Task objective >> Repeat exactly the lines beginning at the one that contains "อารยาบุรี รีสอร์ท - พีพี" and running to the end of the material. Omit the pictures.

Exercise input >>
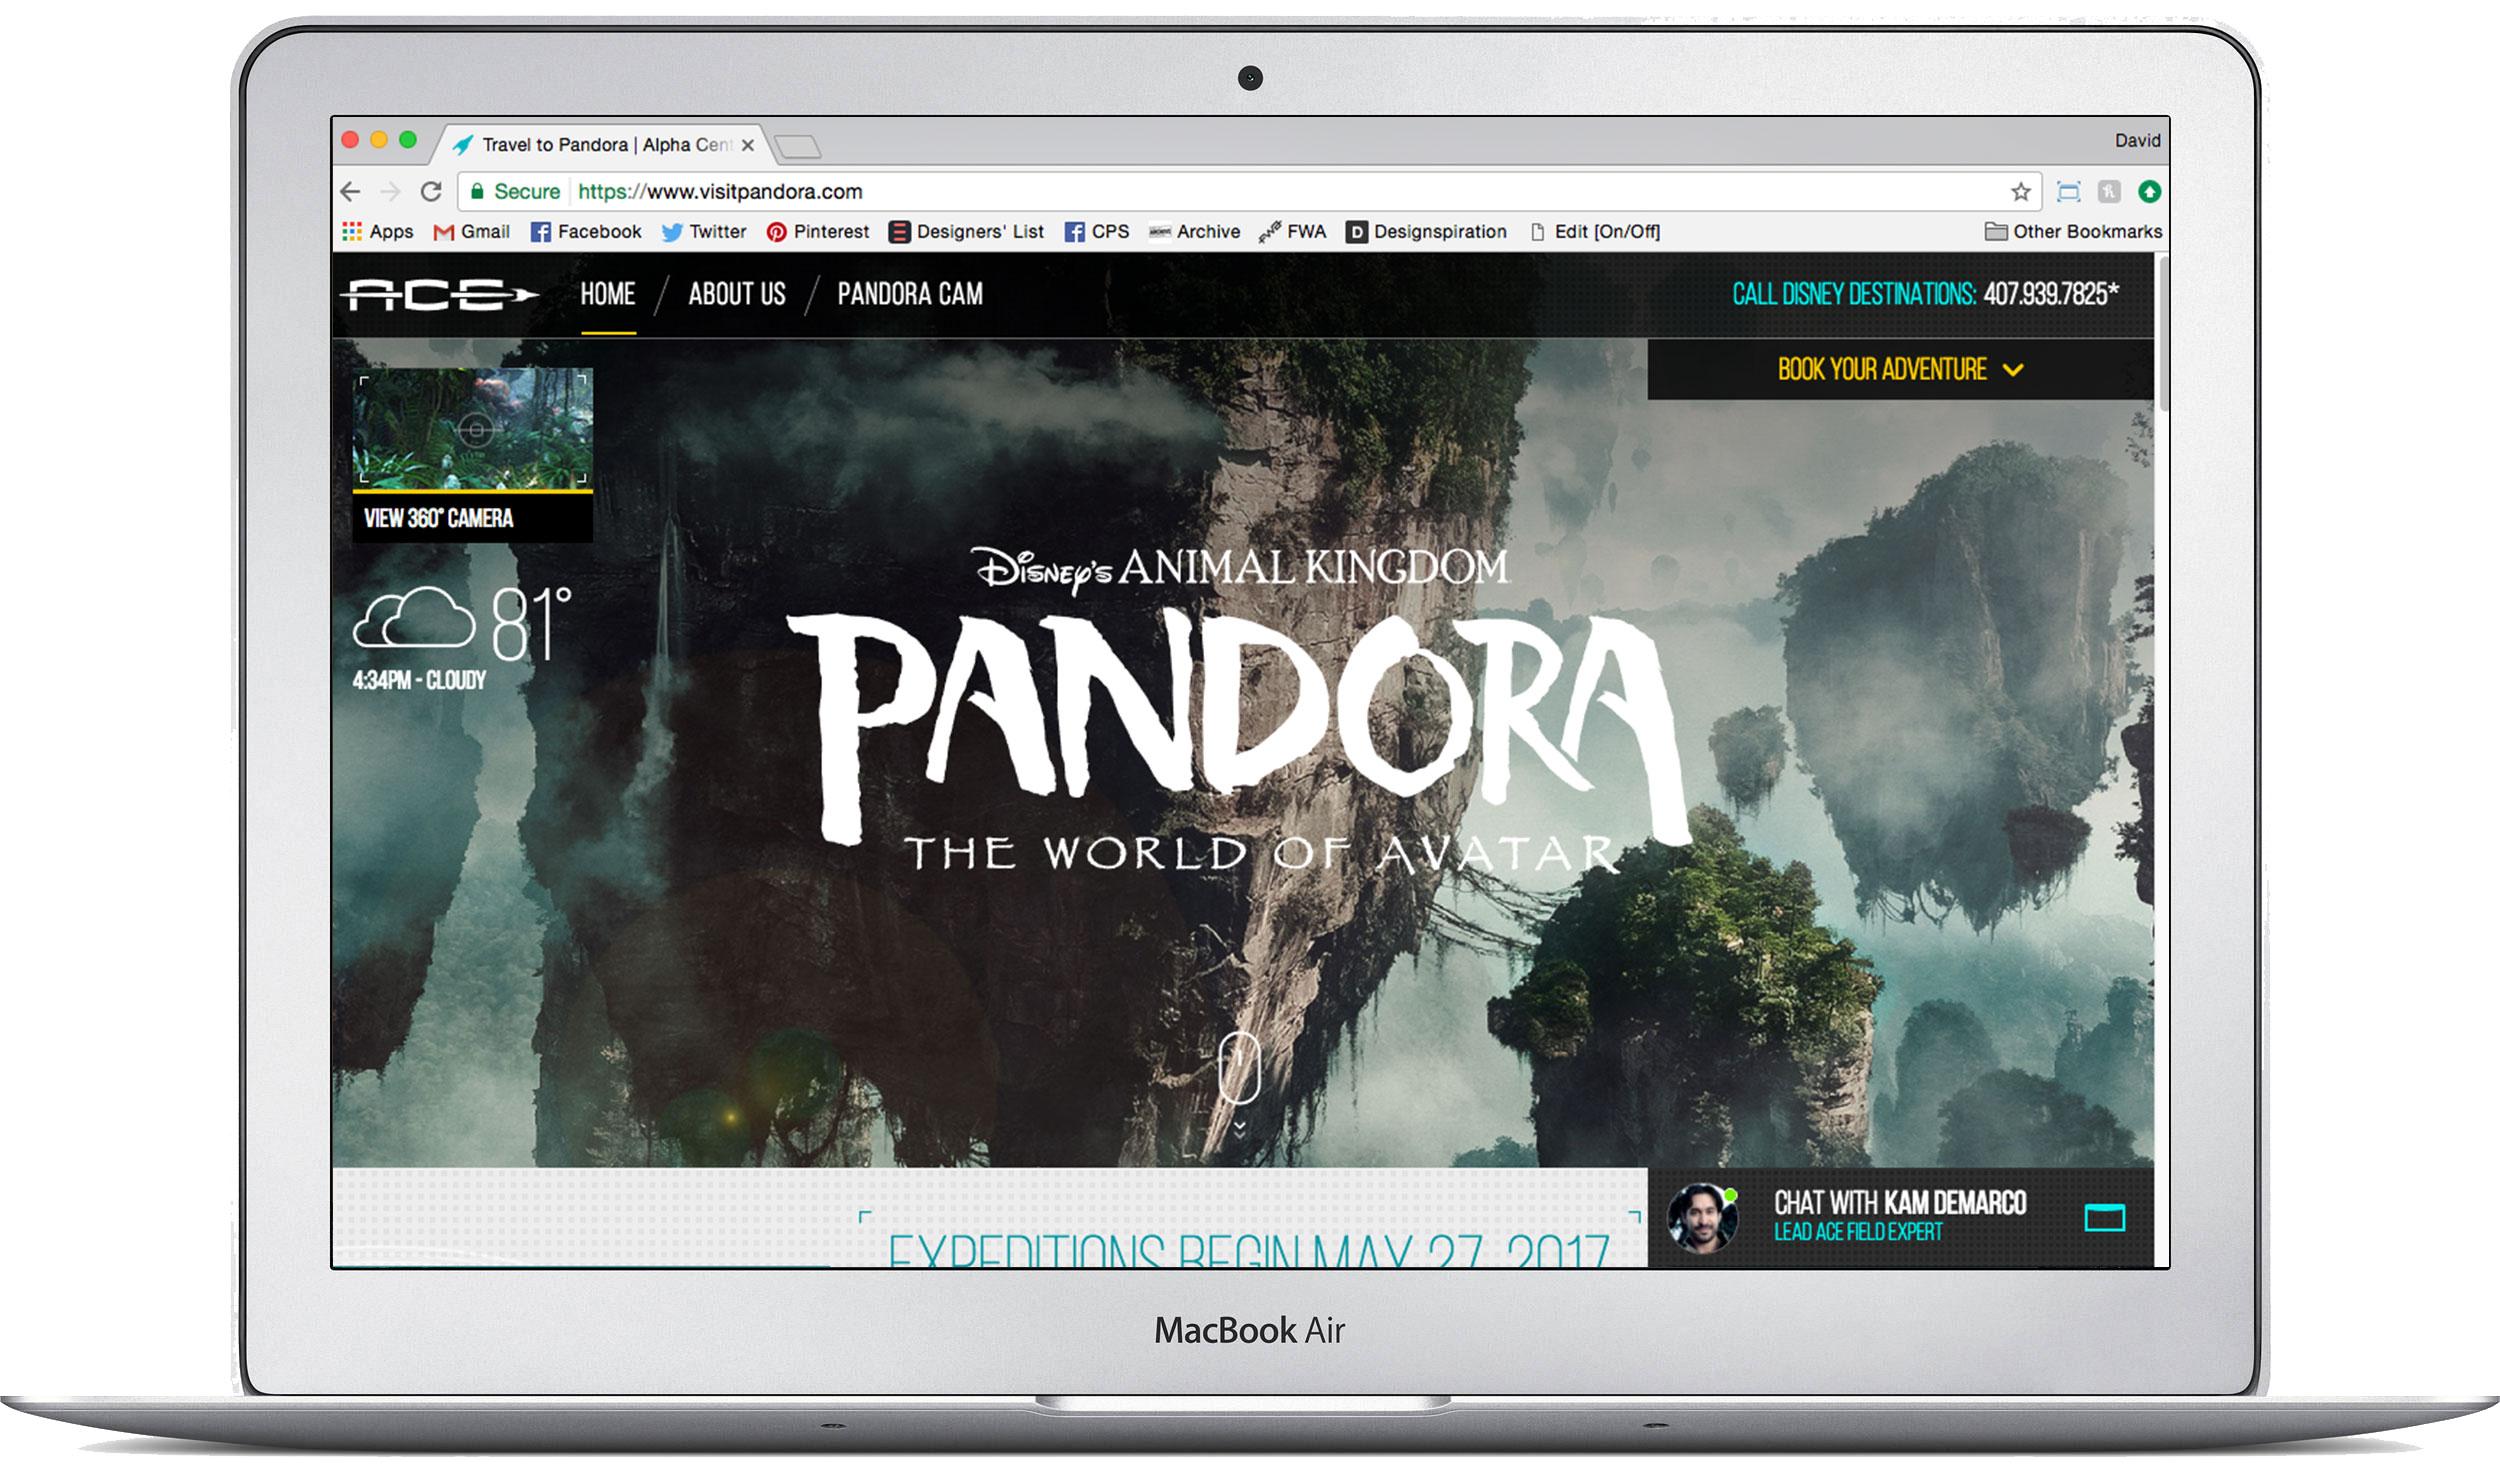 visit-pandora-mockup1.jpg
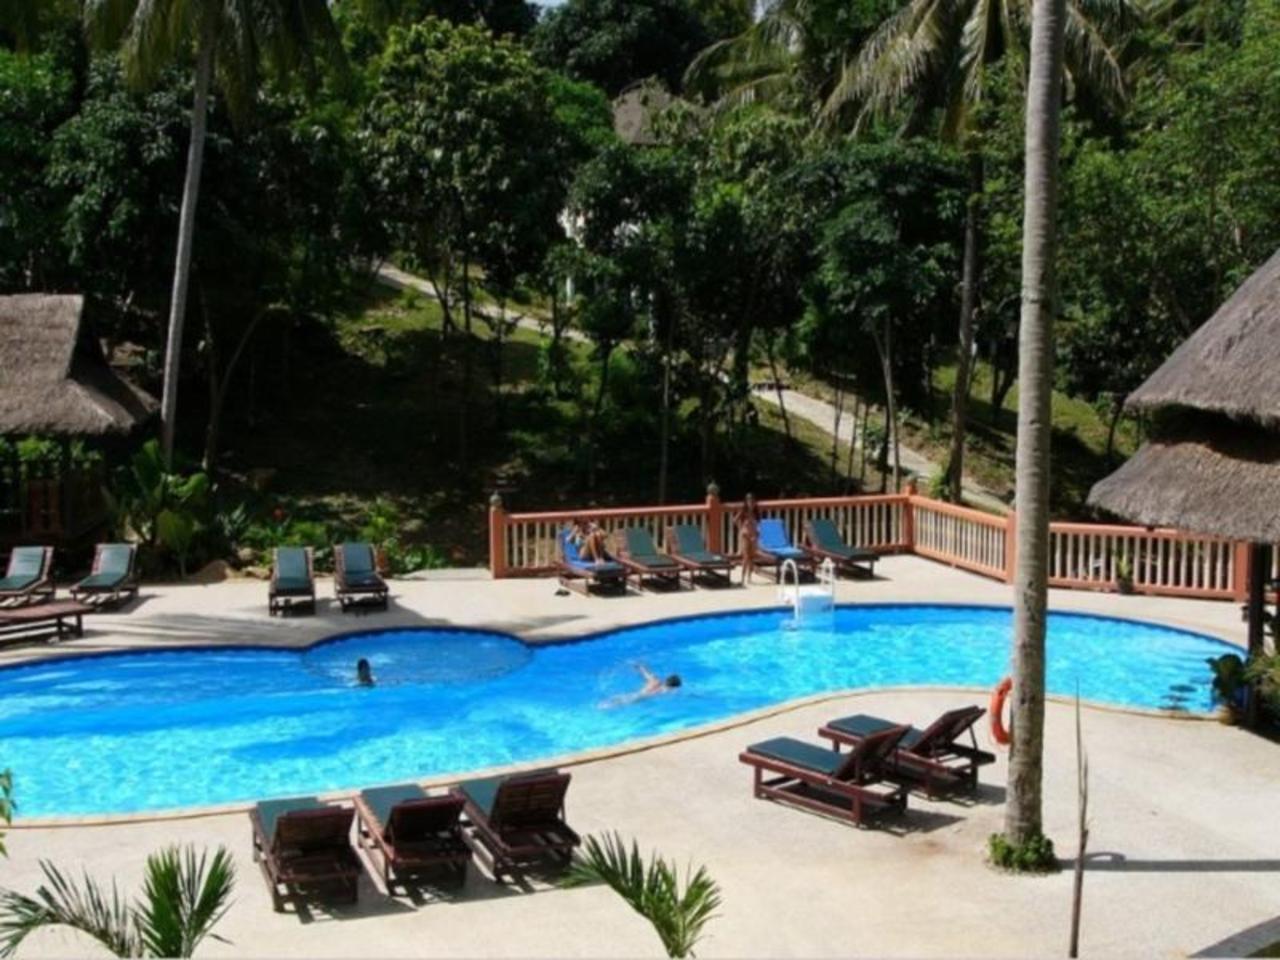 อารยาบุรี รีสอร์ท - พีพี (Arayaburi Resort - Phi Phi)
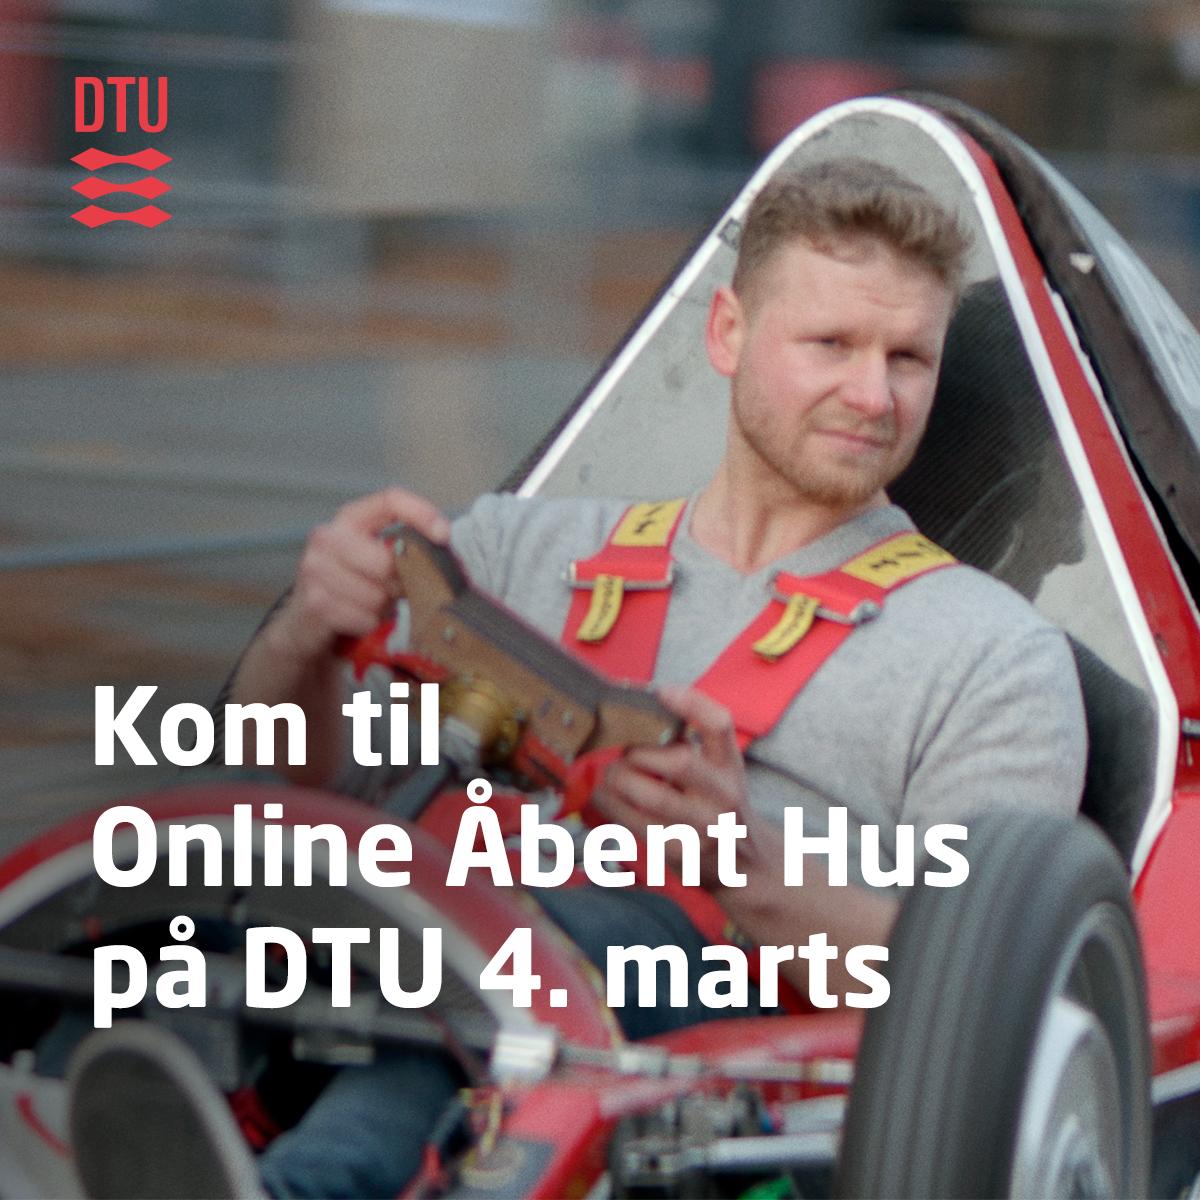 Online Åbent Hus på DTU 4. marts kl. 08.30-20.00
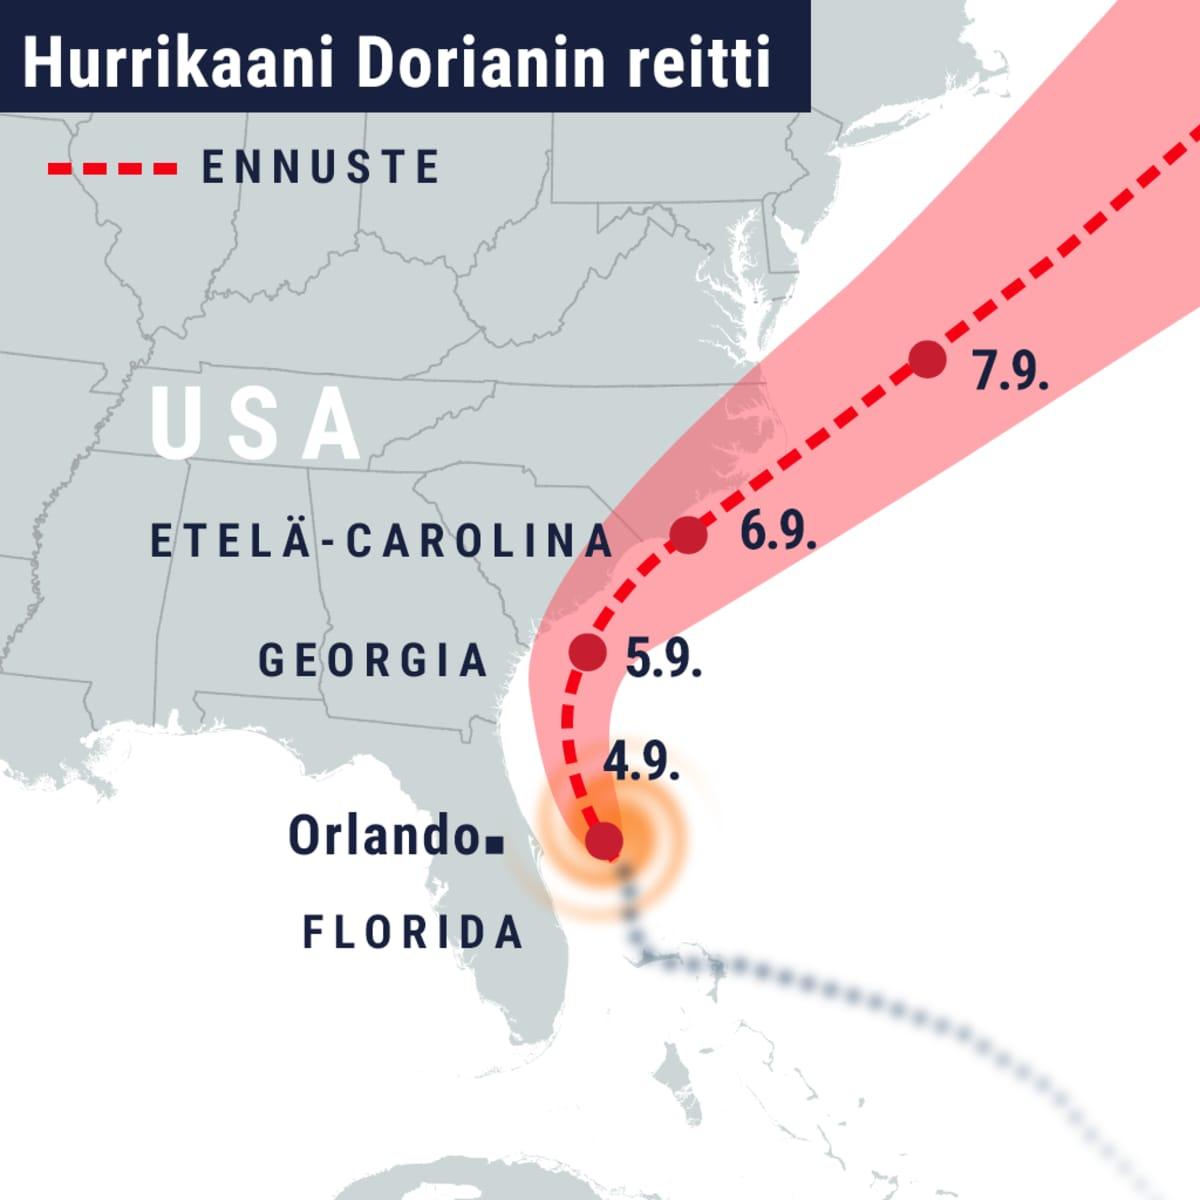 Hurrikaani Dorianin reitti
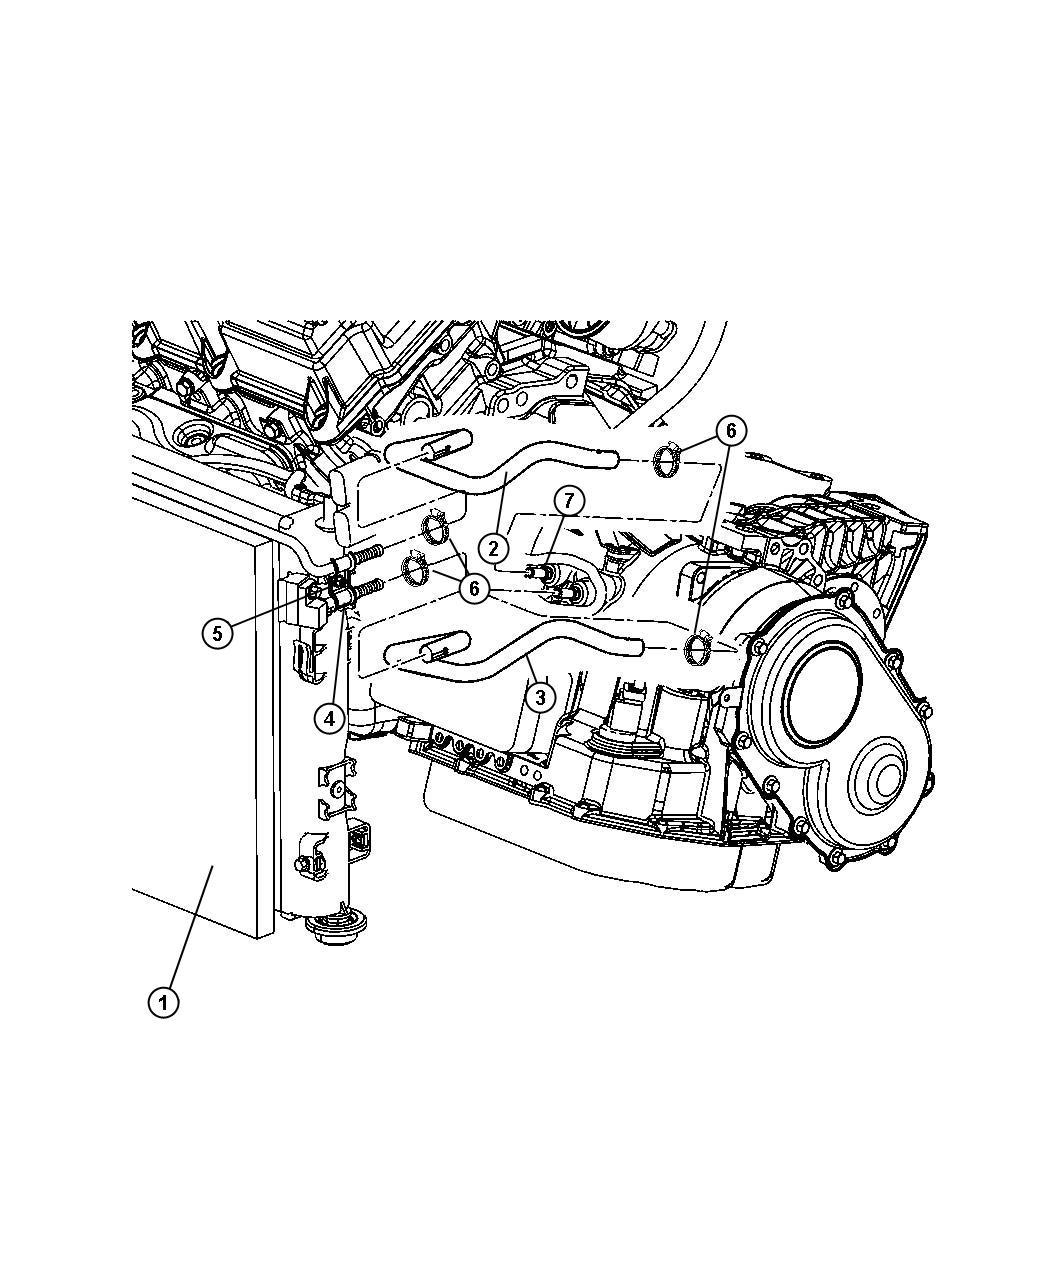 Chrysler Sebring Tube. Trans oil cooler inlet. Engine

Answer space >>
 อารยาบุรี รีสอร์ท - พีพี (Arayaburi Resort - Phi Phi)
 Online Åbent Hus på DTU 4. marts kl. 08.30-20.00
 Hurrikaani Dorianin reitti
 Chrysler Sebring Tube. Trans oil cooler inlet. Engine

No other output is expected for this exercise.